Yeah I had trouble taking the synths seriously in the past, too. But honestly if I had to pick three words to describe them now after hearing this great sounding Intrada album they probably would be “edgy, raw, guttural”! I’m coming around on ‘em even though I like other (pure orchestral) parts of the score better.

Yavar

 
 Posted:   Aug 23, 2020 - 5:55 AM   
 By:   DavidCorkum   (Member)

Yeah I had trouble taking the synths seriously in the past, too. But honestly if I had to pick three words to describe them now after hearing this great sounding Intrada album they probably would be “edgy, raw, guttural”! I’m coming around on ‘em even though I like other (pure orchestral) parts of the score better.

Yavar


The synths in The Don is Dead seems like a musical comment on the true nature of the mafia. The orchestra is reflecting the surface that they try to project, that they're tough businessmen in suits, sophisticated and classy. But underneath that is the truth, that they're really just violent street thugs, represented by the synth effect which sounds like a termite in the background, scratching at the facade.

And as the podcast mentions, it racks up the tension in scenes that don't really have any, It adds a nervousness.

 
 Posted:   Aug 23, 2020 - 8:04 AM   
 By:   Yavar Moradi   (Member)

That’s a cool description! And speaking of nervousness...I neglected to bring this up in the podcast (wanted to keep it to half an hour or less) but another element of the Main Title besides the synth lept out at me: scissors as a percussion instrument!

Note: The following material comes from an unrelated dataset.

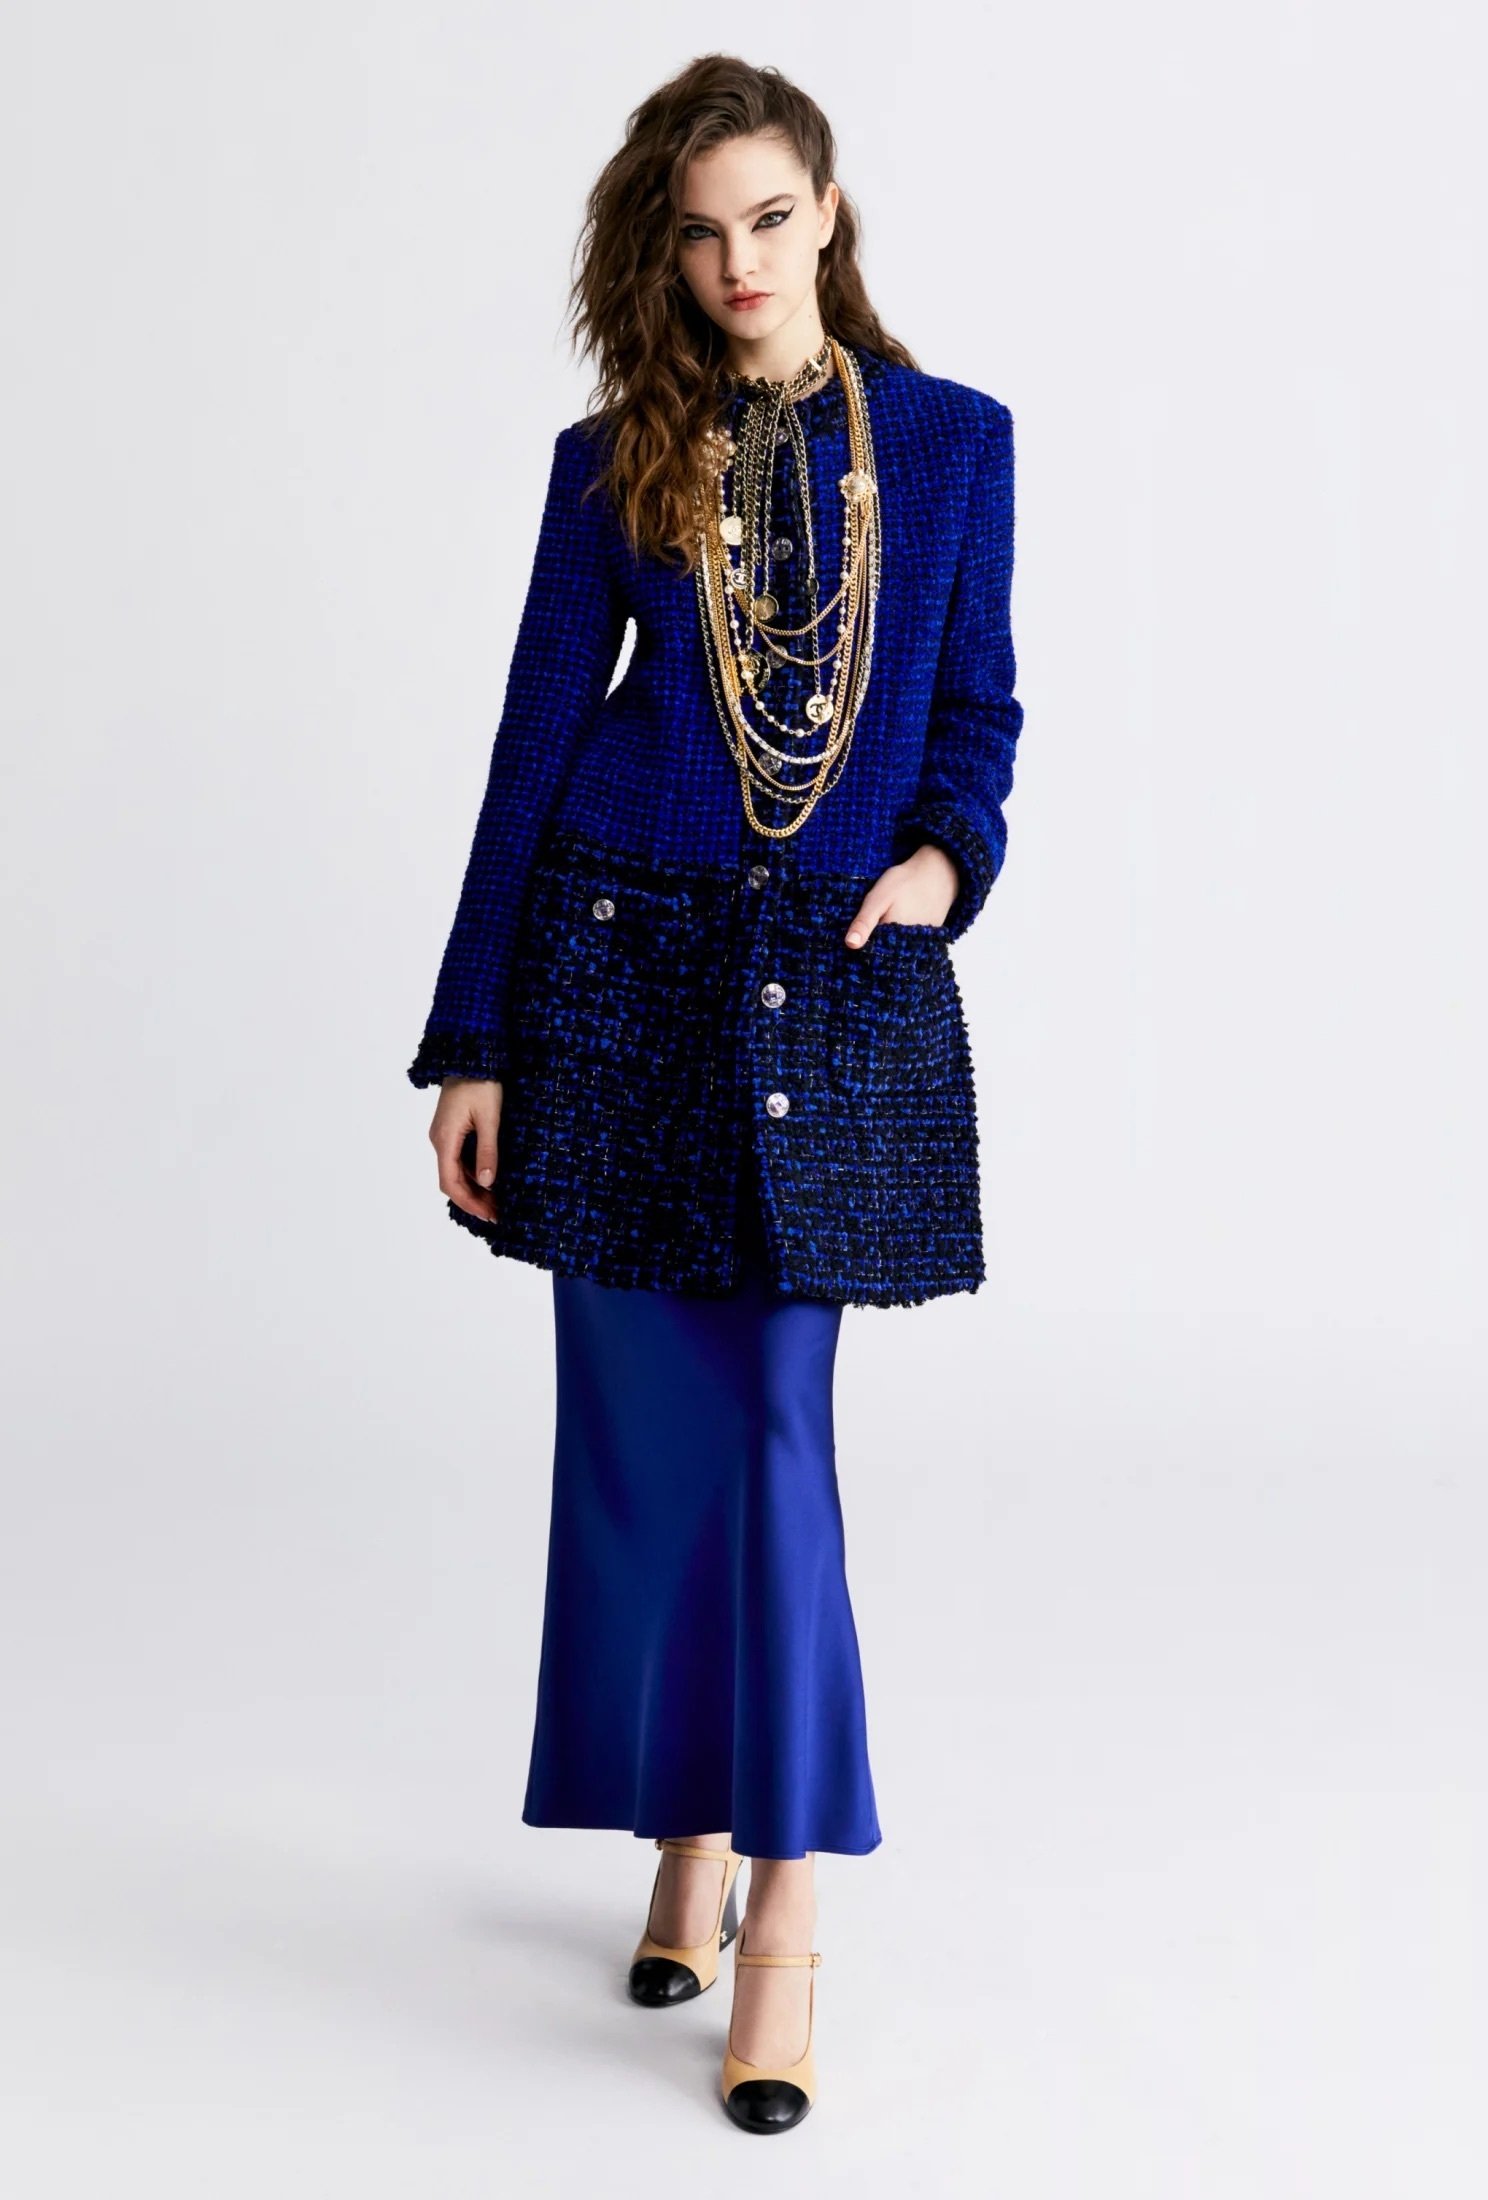 Chanel Silk Midi Skirt in Blue.jpg

That’s straight out of “Nervous Man in a $4 Room”! (Also I think Jerry did it the following year in his “Late Date” Thriller score.)

Yavar

 
 
 Posted:   Aug 23, 2020 - 1:33 PM   
 By:   Graham Watt   (Member)

As regards THE DON IS DEAD, I just listened to Yavar's mini-podcast. Good one, Yavar! I've certainly got this on my wish list. Hope it's still in stock in ten years time. I remember watching the film on TV probably back in the late '70s, and I never noticed anything annoying about the synths. I've just re-acquainted myself with (parts of) the movie on YouTube, and I do remember the terrific dramatic scoring for the climactic scene - you remember, running, car window, guns, death... The Main Titles are actually pretty cool. There might be a "squelch" or a "quack" too many, but it never honestly bothered me until I attached a semantic value to it.

I'm posting this here rather than on any of the other DON threads because I have to say that I'm enjoying EXTREME PREJUDICE more each time I hear it. It's not one I can stomach in its 50-minute presentation, never mind the even longer one, but it's increasingly interesting when done in 15 or 20 minute chunks. And I think I'm enjoying it more because I'm trying to shake off those semantic associations. I have this affliction where I have to turn everything into words in order to understand them. So when I listened to EXTREME PREJUDICE in the past I was extremely prejudiced due to mentally filing things in my brain negatively as "Simmons", "Basketball", "Boxing glove" etc. Now I'm trying to get rid of those wordgames and just hear it all as "music".

Same goes for THE DON IS DEAD. It's all part of the musical fabric. But if I start thinking in words such as "quack", "duck" etc then I'm off to a bad start.

 
 
 Posted:   Aug 23, 2020 - 1:40 PM   
 By:   Hurdy Gurdy   (Member)

Maybe Goldsmith was trying to score The Big Duck, hence those quacks from his keyboards.